**Collected material**

# # # # #

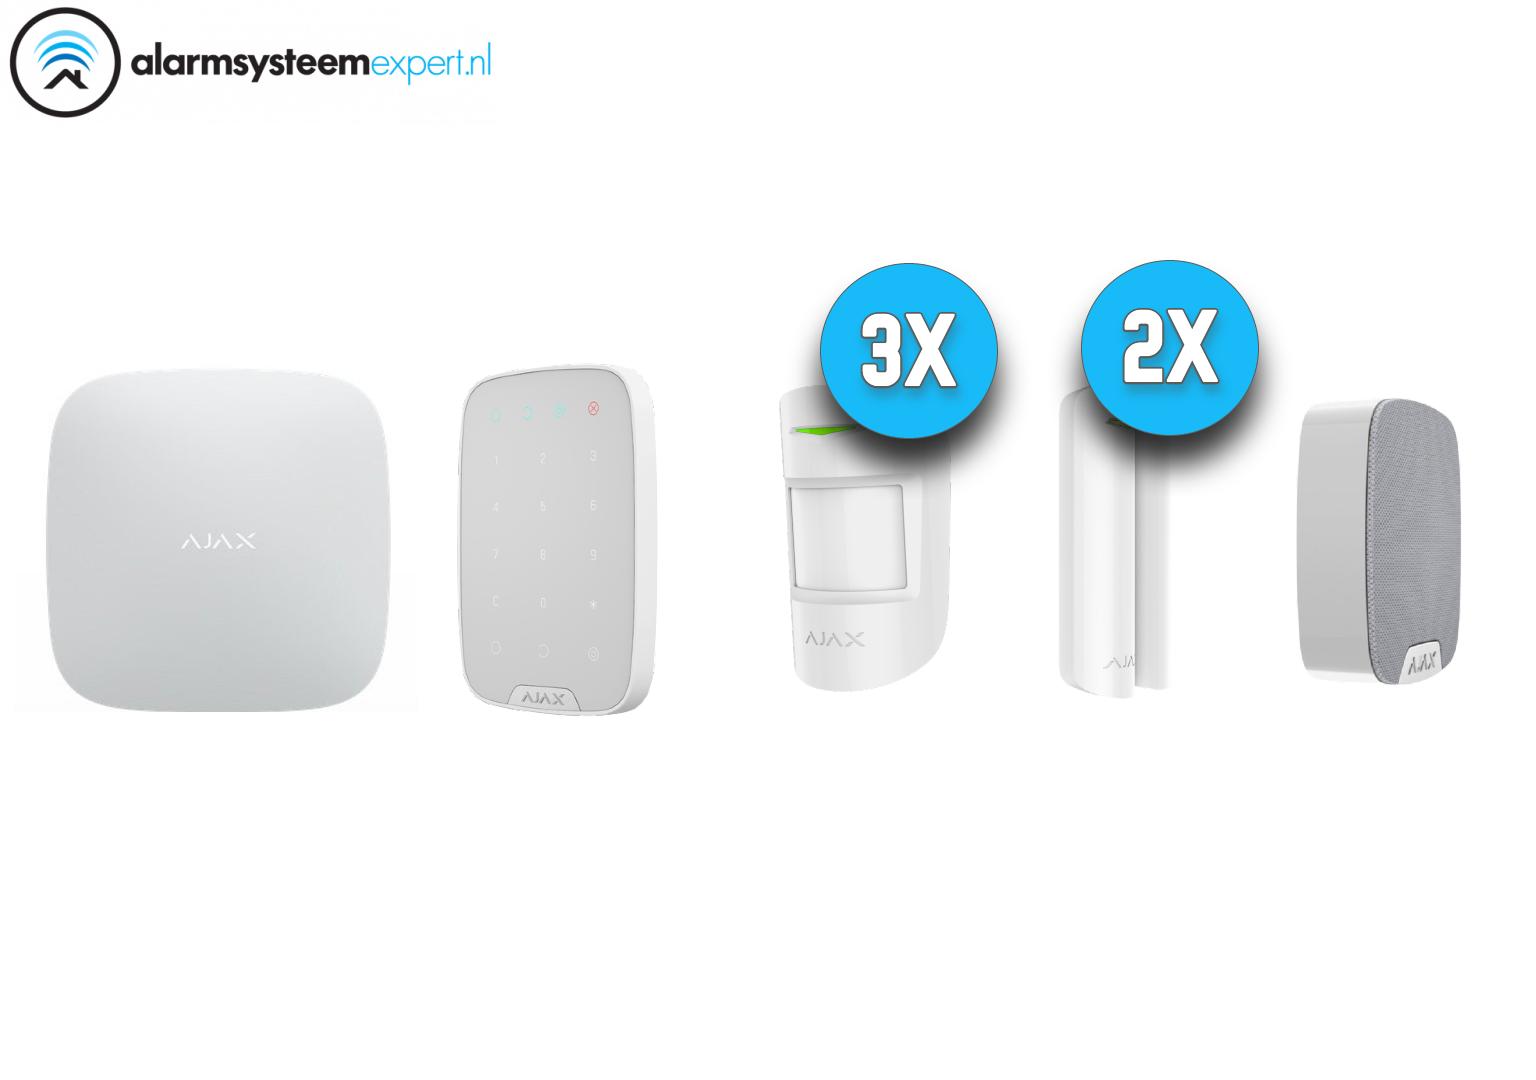 Il kit del sistema di allarme Ajax può essere utilizzato come base per il sistema di sicurezza Ajax wireless.
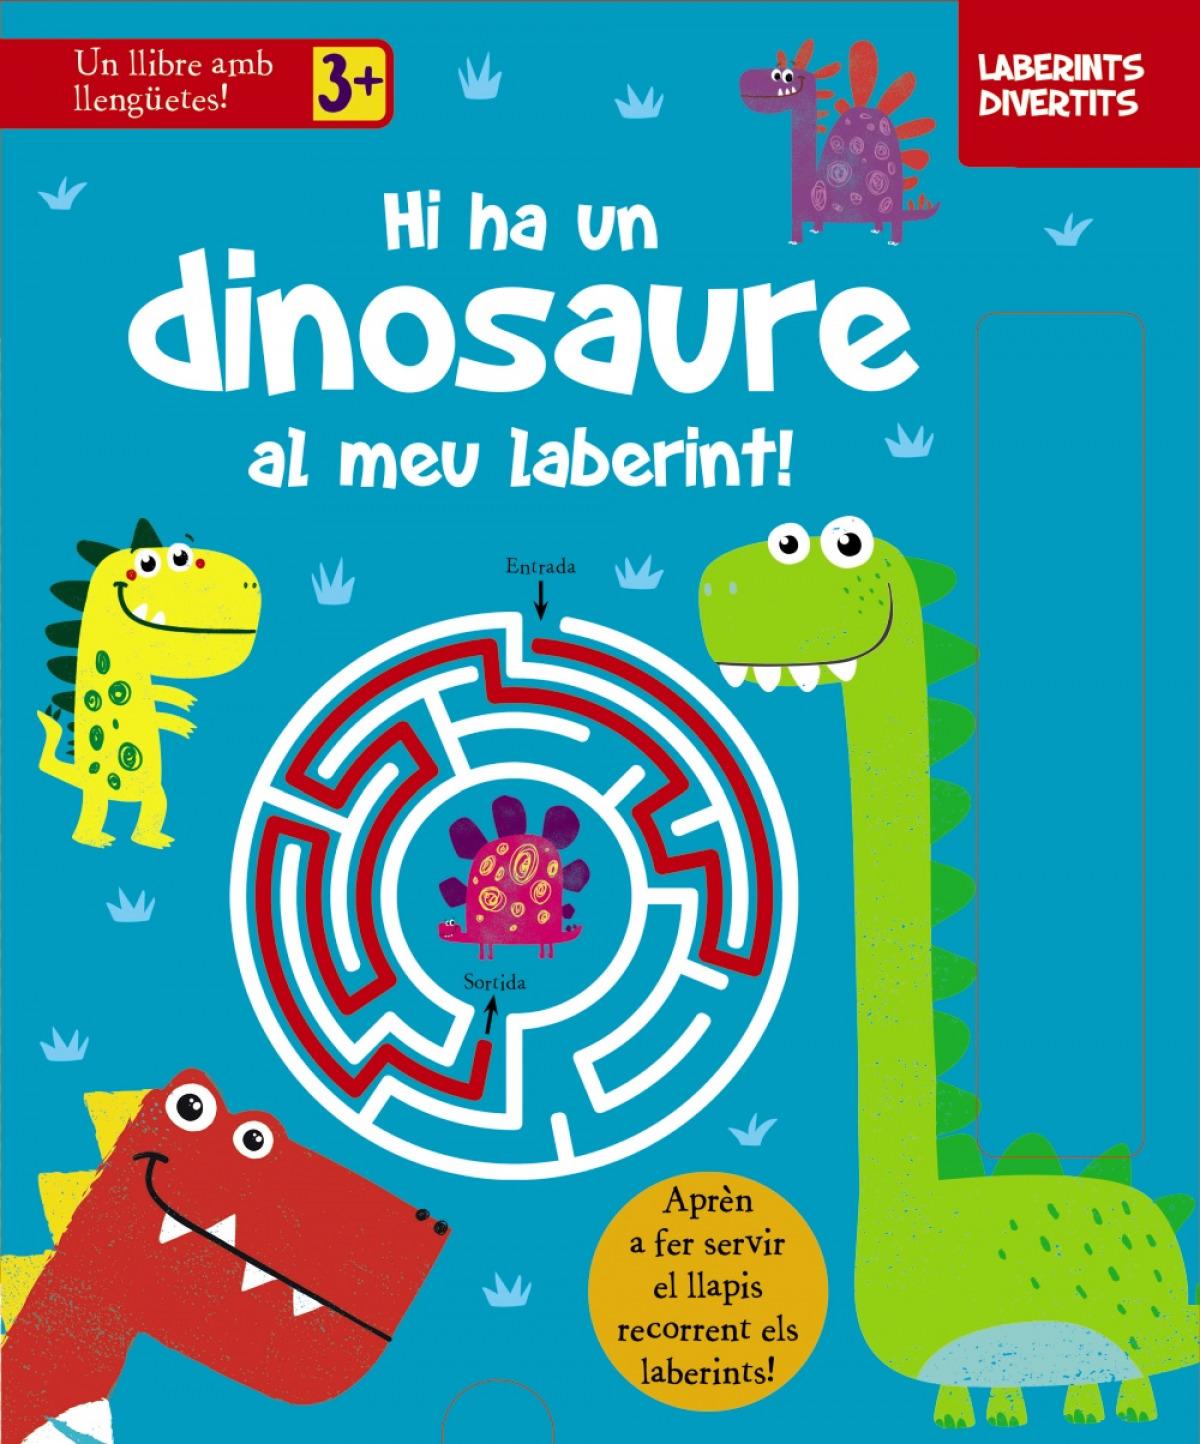 Laberints divertits. Hi ha un dinosaure al meu laberint!
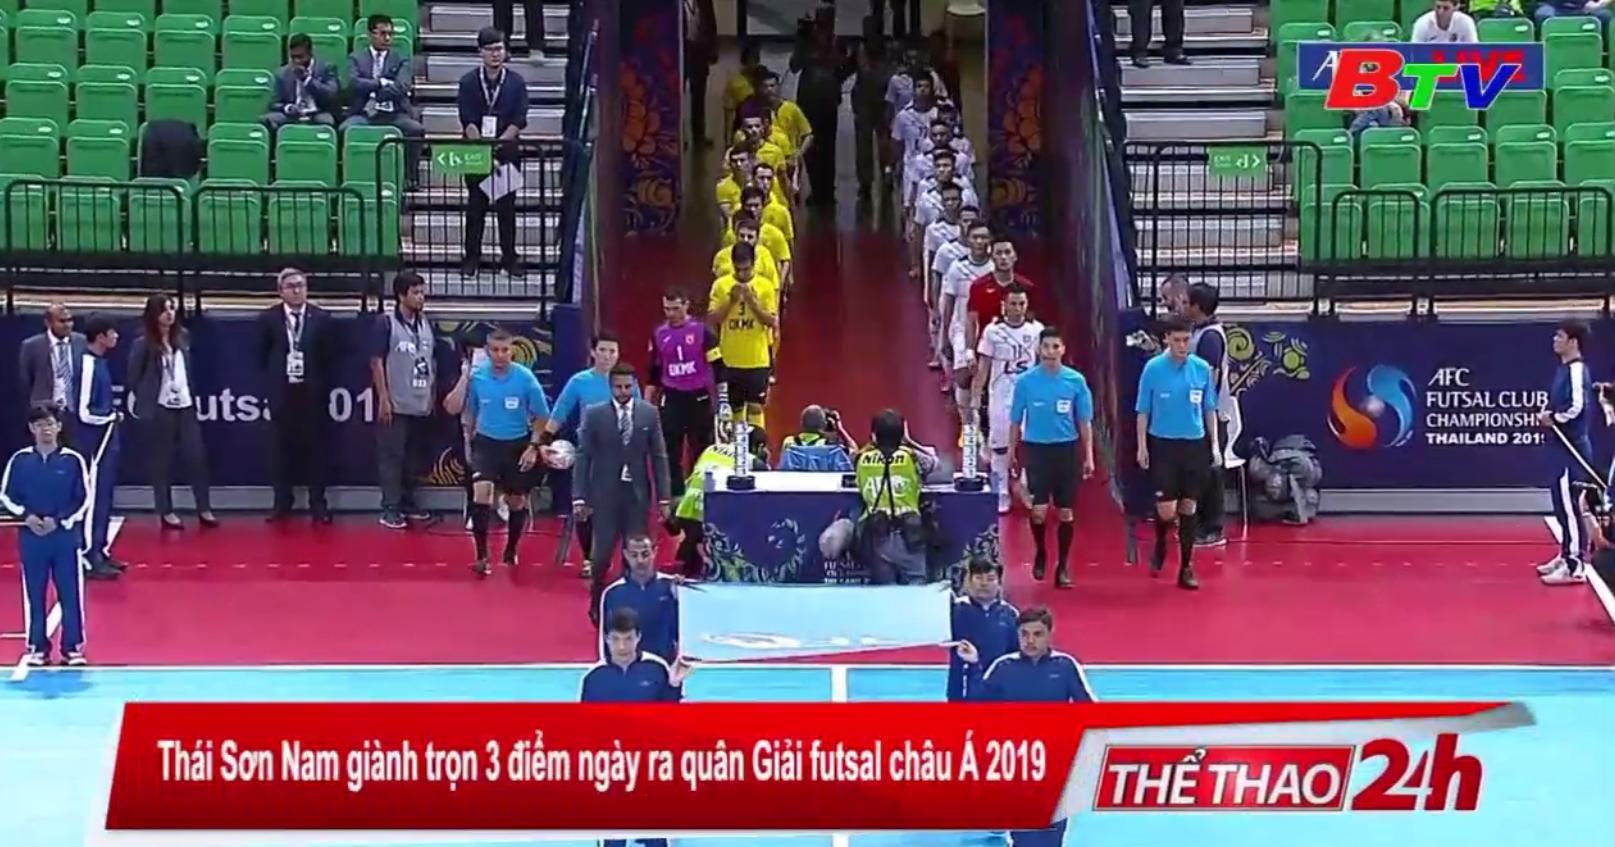 Thái Sơn Nam giành trọn 3 điểm ngày ra quân Giải futsal châu Á 2019
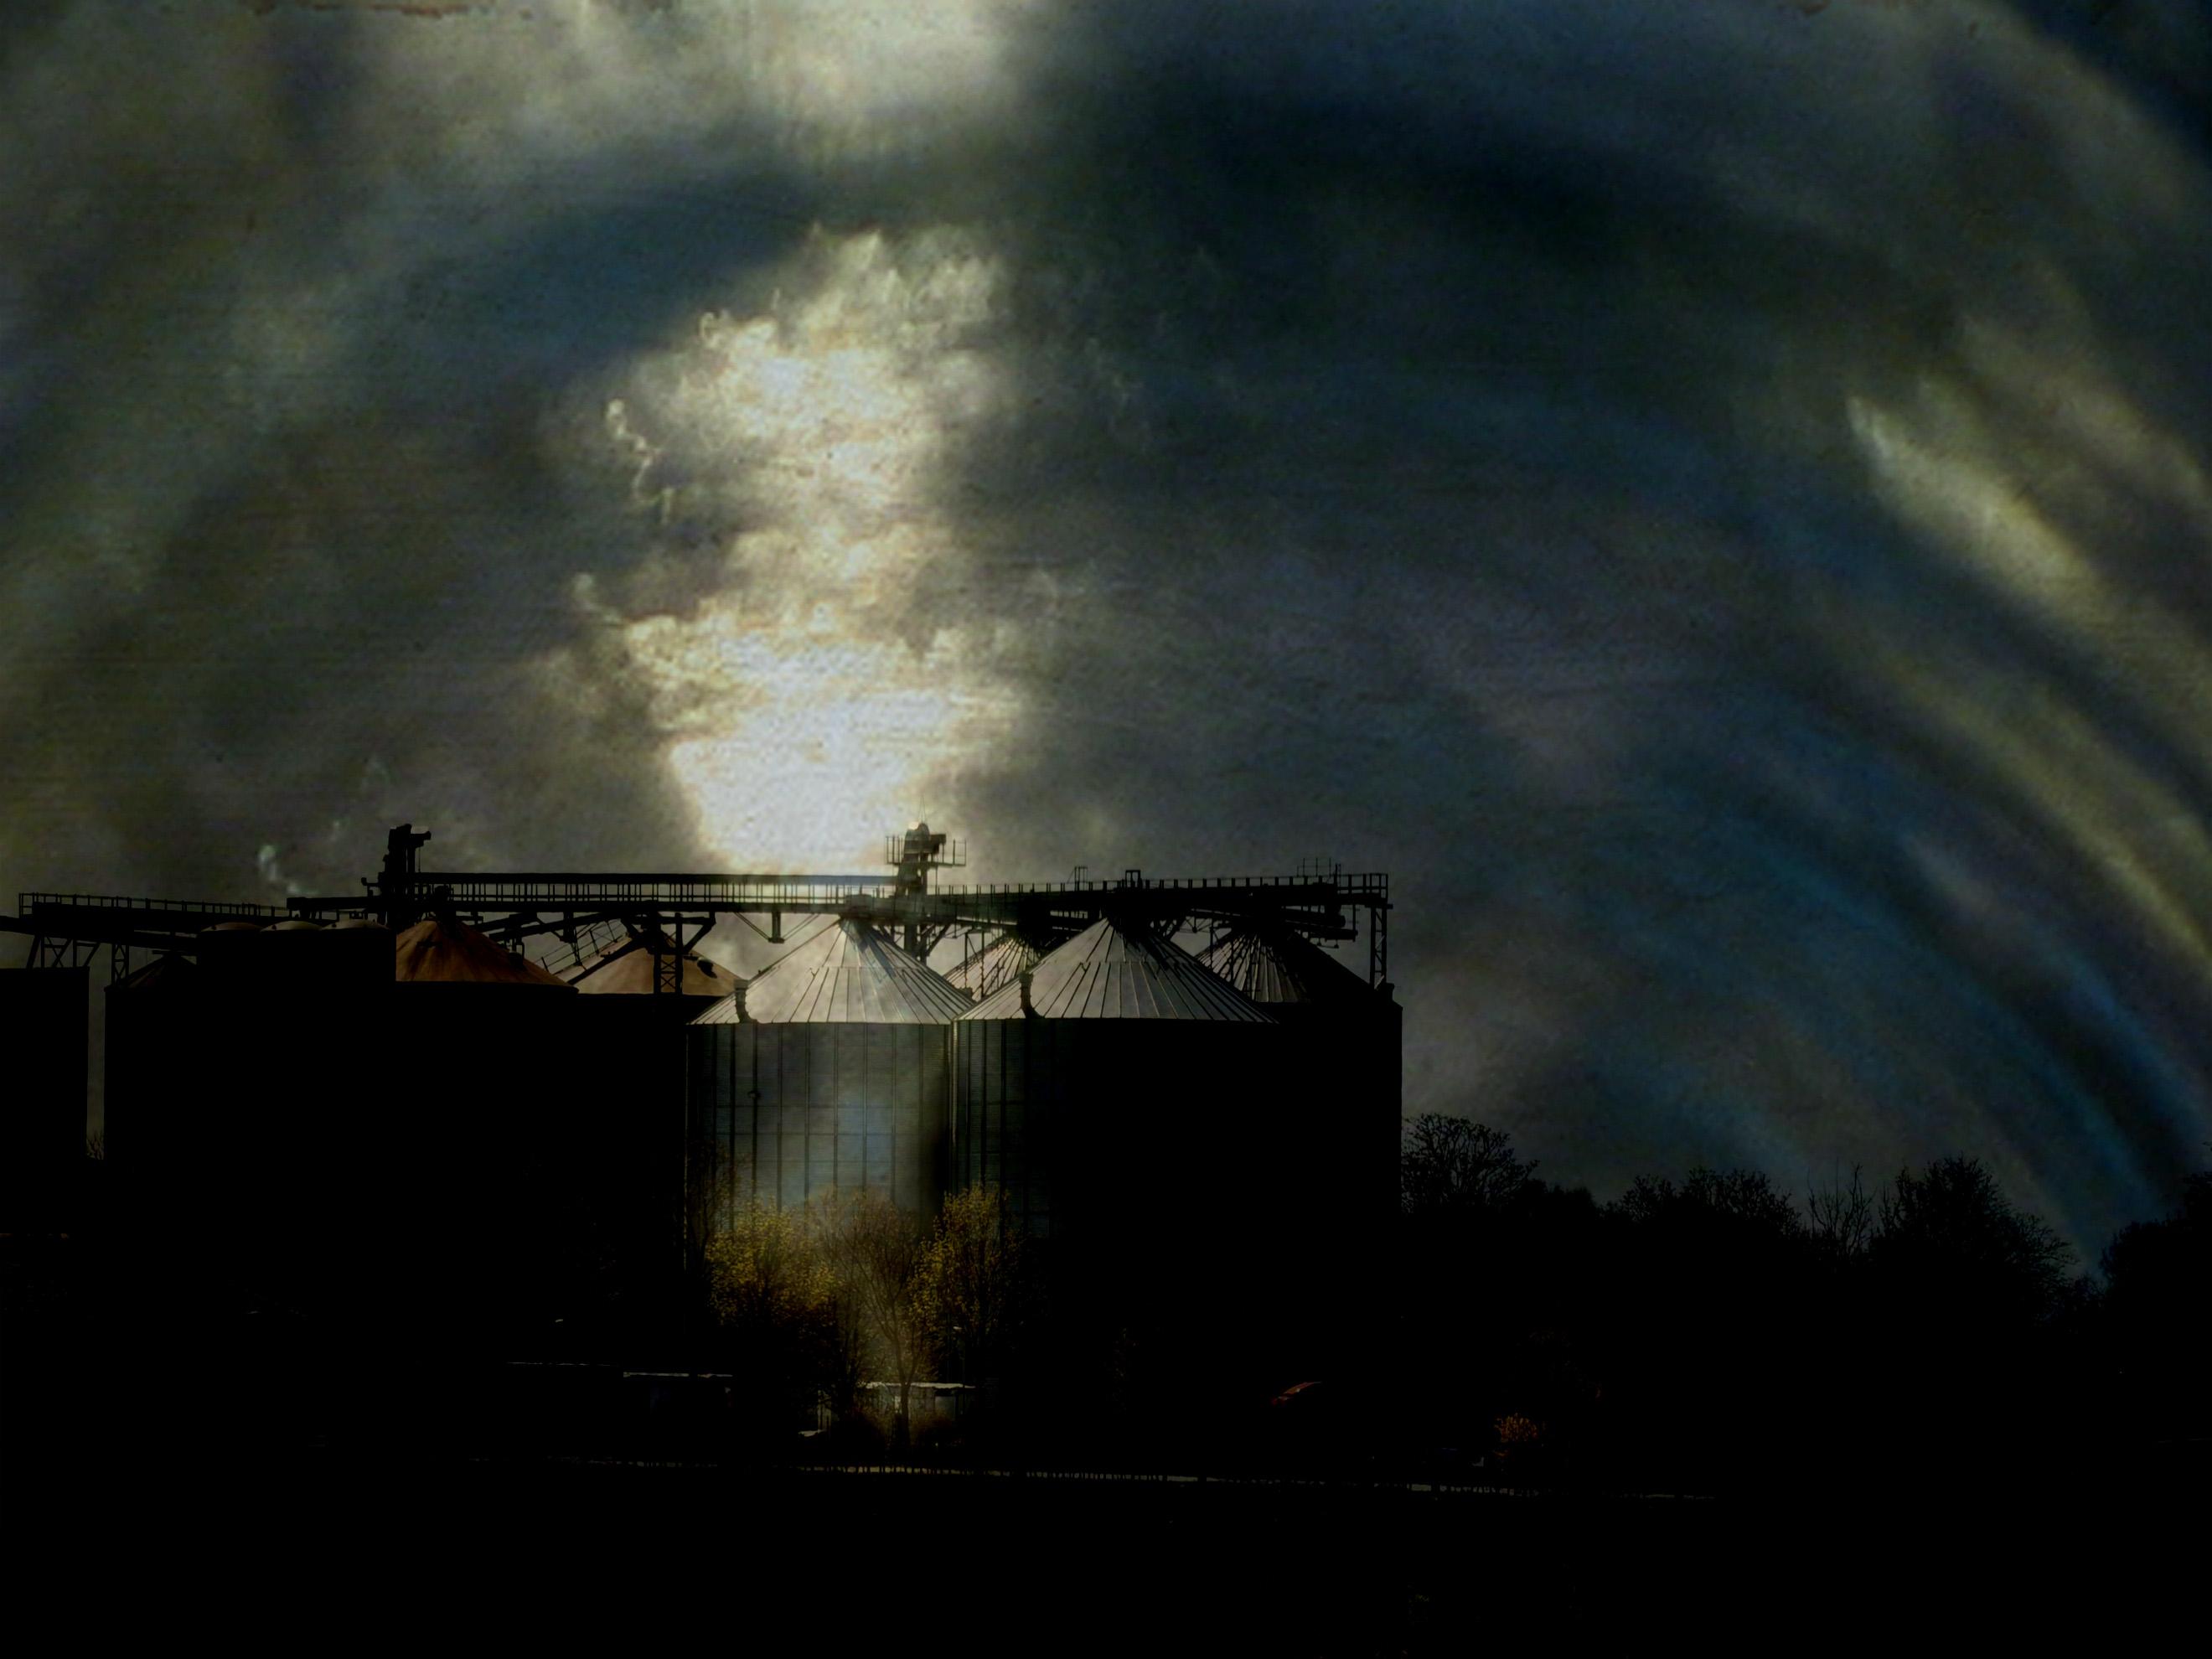 Wallpaper : sunlight, trees, dark, night, reflection, sky

# # # # #

**What is being asked**
Exclude the images, then output the data above word for word.

**Solved exercise**
 Il kit del sistema di allarme Ajax può essere utilizzato come base per il sistema di sicurezza Ajax wireless.
 Laberints divertits. Hi ha un dinosaure al meu laberint!
 Thái Sơn Nam giành trọn 3 điểm ngày ra quân Giải futsal châu Á 2019
 Wallpaper : sunlight, trees, dark, night, reflection, sky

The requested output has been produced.